Continents consist of mountain belts, cratons, shields, and stable platforms.

• Mountain belts are the most prominent features of continents.
  • Stable interiors of continents, called cratons
• Shields are expansive, flat regions of deformed crystalline rocks within cratons.
• Stable platforms are the flat portions of cratons covered with a thin veneer of sedimentary rocks.

End of Ch. 1 - Concept Checks

1.1 Geology: The Science of Earth

1. Name and distinguish between the two broad subdivisions of geology.
2. List at least three different geologic hazards.
3. Aside from geologic hazards, describe another important connection between people and geology.

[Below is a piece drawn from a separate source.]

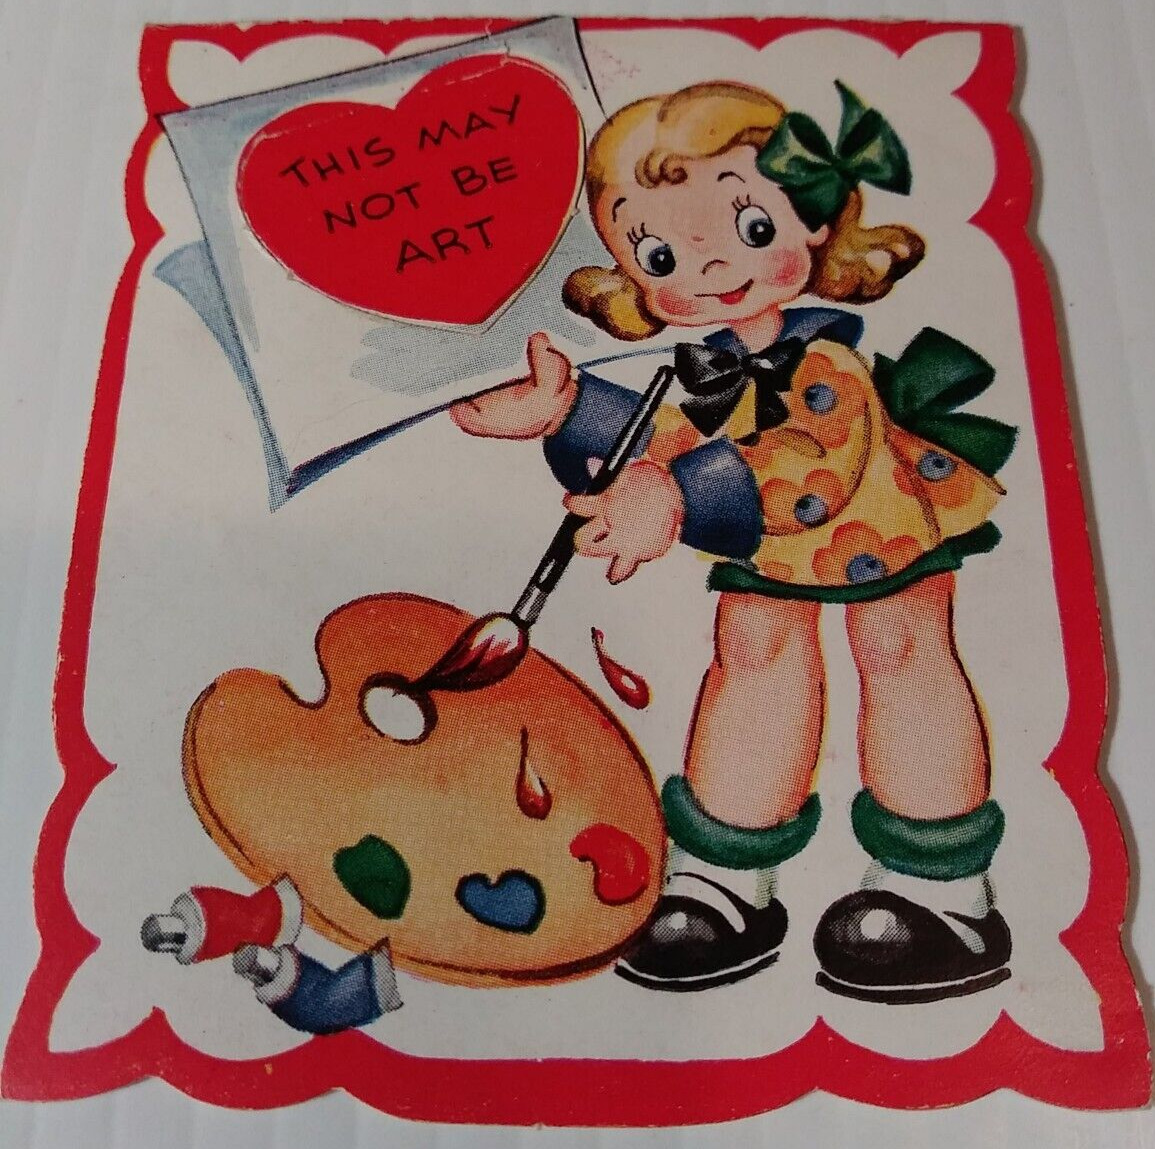 Americard Valentine Vintage Artist Girl Paint Pattete This May Not Be Art Heart

1.2 The Development of Geology

1. Describe Aristotle’s influence on geology.
2. Contrast catastrophism and uniformitarianism. How did each view the age of Earth?
3. How old is Earth?
4. Using the Geological Time Scale, list the eon, era, period, and epoch in which we live.

1.3 The Nature of Scientific Inquiry

1. How is a scientific hypothesis different from a scientific theory?
2. Summarize the basic steps followed in many scientific investigations.

1.4 Earth as a System

1. List and briefly contrast the four spheres of the Earth system.
2. How much of Earth’s surface do oceans cover? What percentage of Earth’s water supply do oceans represent?
3. What is a system? List three examples.
4. What are the two sources of energy for the Earth system?

1.5 Origin and Early Evolution of Earth

1. Name and briefly outline the theory that describes the formation of our solar system and then describe the steps in the formation of Earth’s layered structure.
2. List the inner planets and outer planets. Describe basic differences in size and composition.
3. Explain why density and buoyancy were important in the development of Earth’s layered structure

1.6 Earth's Internal Structure

1. Name and describe the three major layers defined by their chemical composition.
2. Contrast the characteristics of the lithosphere and the asthenosphere.
3. Why is the inner core solid?

1.7 Rocks and the Rock Cycle

1. List two rock characteristics that are used to determine the processes that created a rock.
2. Sketch and label a basic rock cycle. Make sure to include alternate paths.

1.8 The Face of Earth

1. Contrast ocean basins and continents.
2. Name the three major regions of the ocean floor. What are some features associated with each?
3. Describe the general distribution of Earth’s youngest mountains.
4. What is the difference between shields and stable platforms?